I plan to queue this for 3.18 via the Xen tree.
This was previously posted as part of a larger series (x86/xen: fixes
for mapping high MMIO regions (and remove _PAGE_IOMAP)), the bulk of
which is already merged.
Changes in v1 (from v6 of the previous series):
- Improve comments/description of the spurious fault fix.
David
^ permalink raw reply [flat|nested] 4+ messages in thread
* [PATCH 1/3] x86: skip check for spurious faults for non-present faults
2014-09-02 16:37 [PATCHv1 0/3] x86,xen: remove _PAGE_IOMAP PTE flag David Vrabel
@ 2014-09-02 16:37 ` David Vrabel
2014-09-02 16:37 ` [PATCH 2/3] x86/xen: do not use _PAGE_IOMAP PTE flag for I/O mappings David Vrabel
2014-09-02 16:37 ` [PATCH 3/3] x86: remove the Xen-specific _PAGE_IOMAP PTE flag David Vrabel
2 siblings, 0 replies; 4+ messages in thread
From: David Vrabel @ 2014-09-02 16:37 UTC (permalink / raw)
To: linux-kernel
Cc: David Vrabel, Thomas Gleixner, Ingo Molnar, H. Peter Anvin, x86,
xen-devel, Konrad Rzeszutek Wilk, Boris Ostrovsky
If a fault on a kernel address is due to a non-present page, then it
cannot be the result of stale TLB entry from a protection change (RO
to RW or NX to X). Thus the pagetable walk in spurious_fault() can be
skipped.
See the initial if in spurious_fault() and the tests in
spurious_fault_check()) for the set of possible error codes checked
for spurious faults. These are:
IRUWP
Before x00xx && ( 1xxxx || xxx1x )
After ( 10001 || 00011 ) && ( 1xxxx || xxx1x )

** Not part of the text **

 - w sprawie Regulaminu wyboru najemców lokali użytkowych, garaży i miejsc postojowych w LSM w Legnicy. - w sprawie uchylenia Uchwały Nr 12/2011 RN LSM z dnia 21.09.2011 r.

Thus the new condition is a subset of the previous one, excluding only
non-present faults (I == 1 and W == 1 are mutually exclusive).

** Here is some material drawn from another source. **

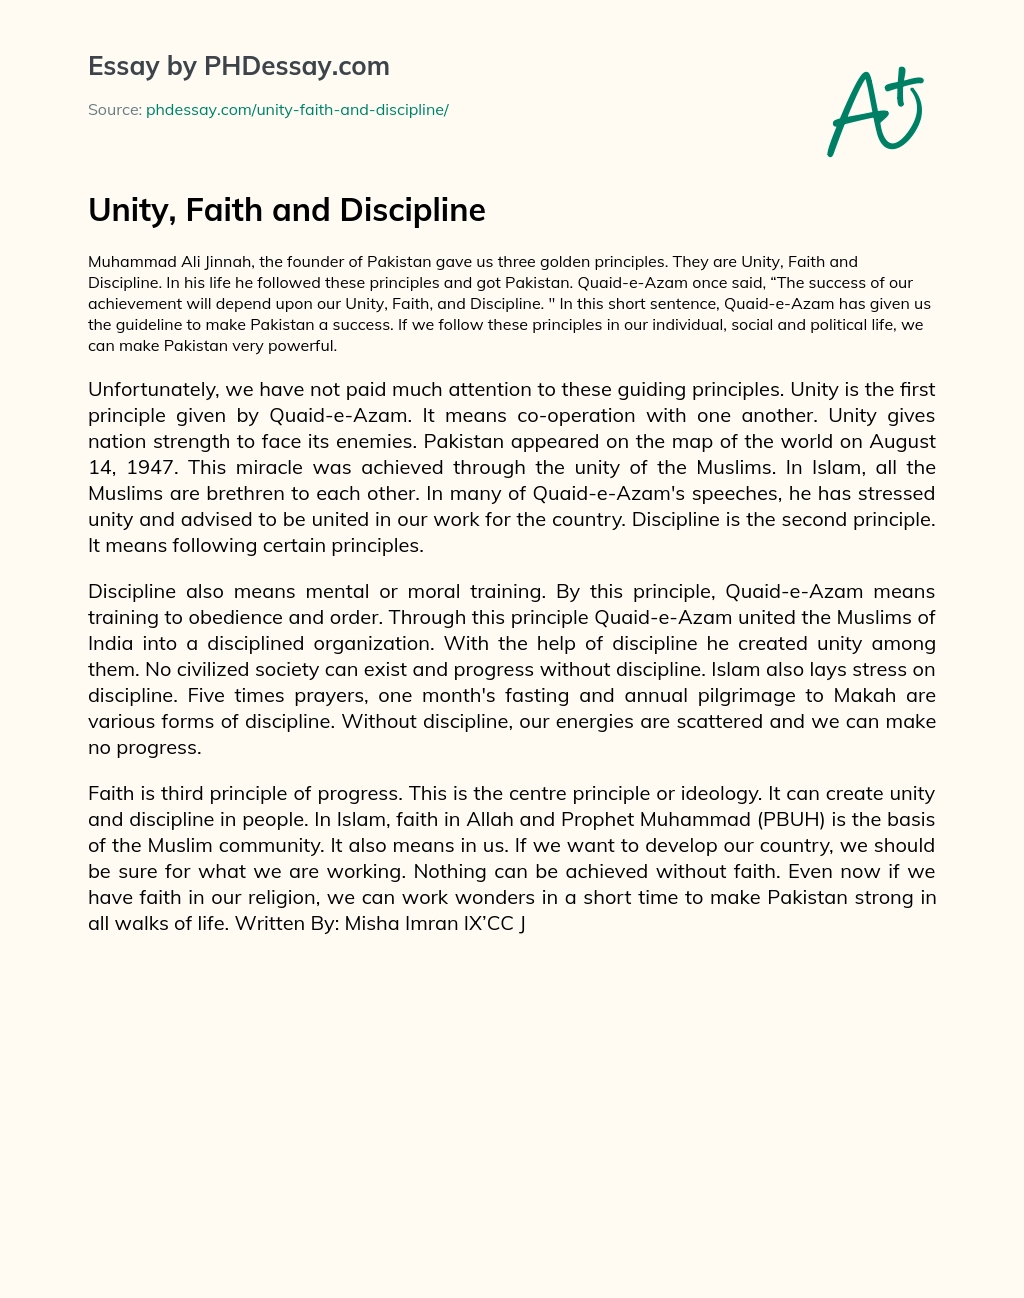 Unity, Faith and Discipline essay

This avoids spurious_fault() oopsing in some cases if the pagetables
it attempts to walk are not accessible. This obscures the location of
the original fault.
This also fixes a crash with Xen PV guests when they access entries in
the M2P corresponding to device MMIO regions. The M2P is mapped
(read-only) by Xen into the kernel address space of the guest and this
mapping may contains holes for non-RAM regions. Read faults will
result in calls to spurious_fault(), but because the page tables for
the M2P mappings are not accessible by the guest the pagetable walk
would fault.
This was not normally a problem as MMIO mappings would not normally
result in a M2P lookup because of the use of the _PAGE_IOMAP bit the
PTE. However, removing the _PAGE_IOMAP bit requires M2P lookups for
MMIO mappings as well.
Signed-off-by: David Vrabel <david.vrabel@citrix.com>
Reported-by: Konrad Rzeszutek Wilk <konrad.wilk@oracle.com>
Tested-by: Konrad Rzeszutek Wilk <konrad.wilk@oracle.com>
Acked-by: Dave Hansen <dave.hansen@intel.com>
---
arch/x86/mm/fault.c | 22 ++++++++++++++++++++--
1 file changed, 20 insertions(+), 2 deletions(-)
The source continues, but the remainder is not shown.